Zimbabwean President Emmerson Mnangagwa is planning to fundamentally change the Constitution in a way last seen in 1987 when ZANU-PF brought the executive presidency.
The Sweeping constitutional changes are being proposed that fundamentally alter how Zimbabwe is governed, how its President is elected, and how key democratic institutions function.
These proposals signal a far-reaching restructuring of the State that consolidates executive power, weakens electoral accountability, and extends political tenure beyond what is currently provided for in the Constitution.
1. Removal of direct presidential elections.
Shifting the election of the President from a public vote to Parliament removes citizens’ direct say in choosing the Head of State. In a dominant-party system, this effectively guarantees that the ruling party’s parliamentary majority decides the presidency, reducing electoral competitiveness and public legitimacy.
2. Extension of presidential and parliamentary terms.
Moving from five to seven years lengthens the period voters must wait to remove an underperforming government. Longer terms entrench incumbents, reduce accountability cycles, and delay democratic renewal, especially where institutions are already weak.
3. Increased presidential influence in Parliament.
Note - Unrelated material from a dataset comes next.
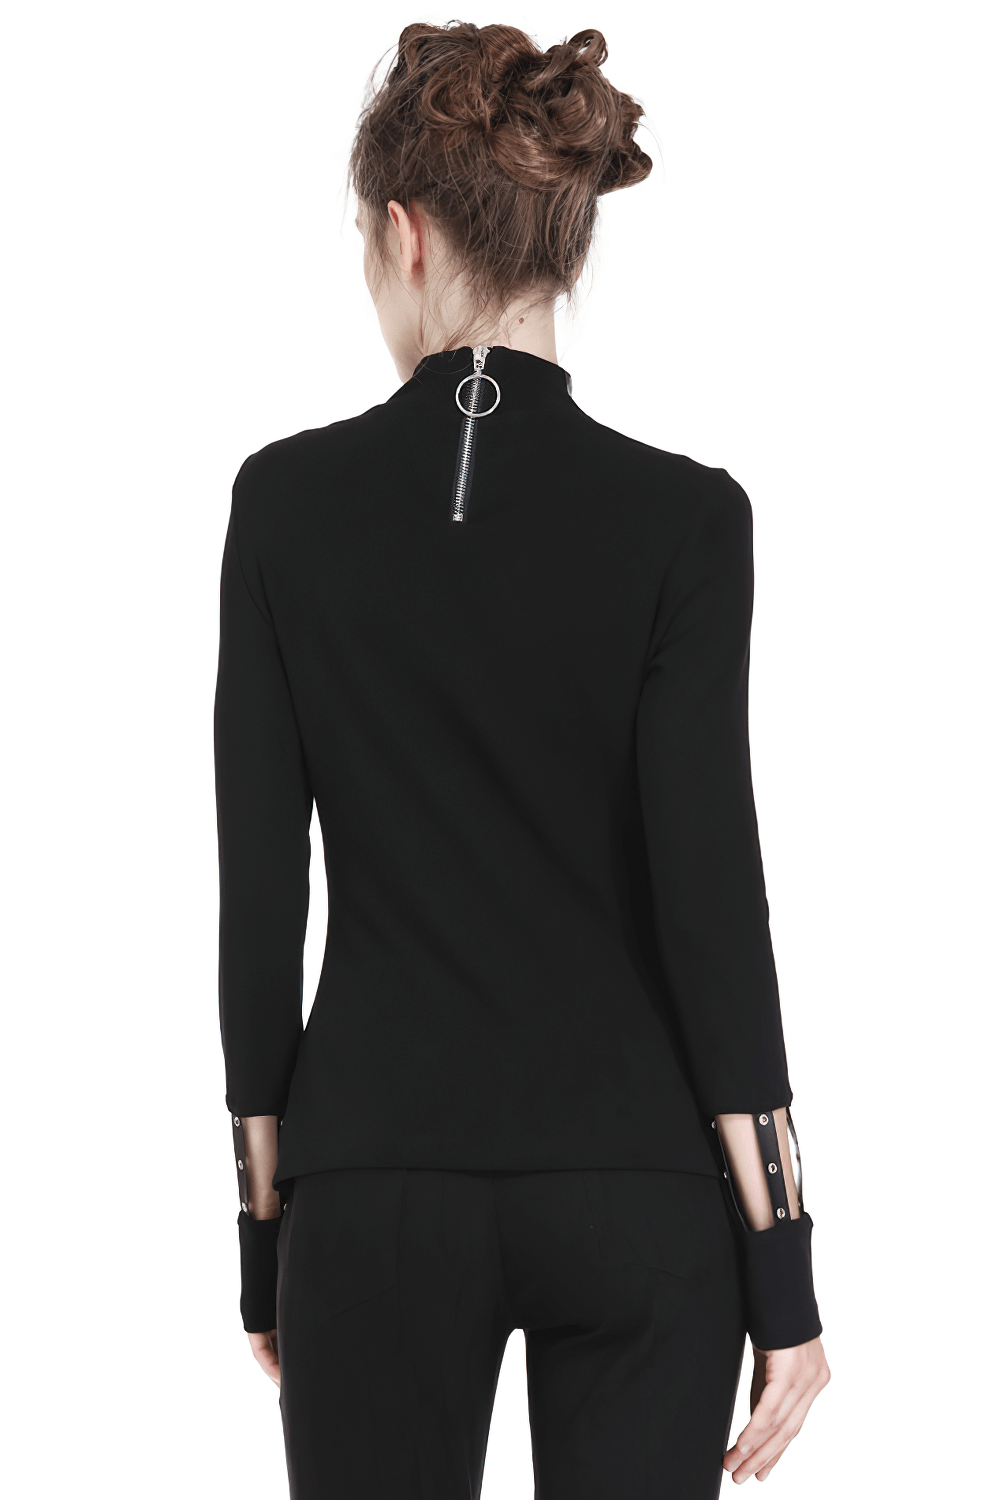 Punk Long Sleeves Top with Hollow-Out Collar Design

Allowing the President to appoint ten more senators expands executive influence over the legislature. Appointed senators often vote with the appointing authority, weakening parliamentary independence and oversight.
4. Transfer of voters’ roll to the Registrar-General.
Moving custody of the voters’ roll from the electoral commission to the Registrar-General raises credibility concerns. The Registrar-General’s office has historically been viewed as executive-aligned, so this shift will undermine confidence in electoral transparency and independence.
5. Fragmentation of electoral management.
Creating a separate Delimitation Commission removes boundary delimitation from ZEC. While framed as reducing overlap, splitting electoral functions will create coordination problems and open space for political manipulation of constituency boundaries.
6. Weakening judicial appointment transparency.
Removing the public interview process for judicial appointments reduces openness. Public interviews were designed to enhance scrutiny, merit assessment, and public trust in the judiciary. Their removal will now politicise appointments.
7. Security sector constitutional dilution.
Changing the Defence Forces’ duty from “to uphold this Constitution” to acting “in accordance with the Constitution” weakens the strength of their constitutional obligation. The original wording imposed an active guardianship role, while the new wording is more passive.
8. Abolition of the Gender Commission
Scrapping the Zimbabwe Gender.
Commission and merging its functions into the Human Rights Commission risks downgrading gender-specific oversight. Dedicated institutions exist because gender equality requires focused monitoring and enforcement.
Taken together, the amendments centralise authority around the executive, extend tenure, influence Parliament, reshape electoral systems, and dilute independent oversight.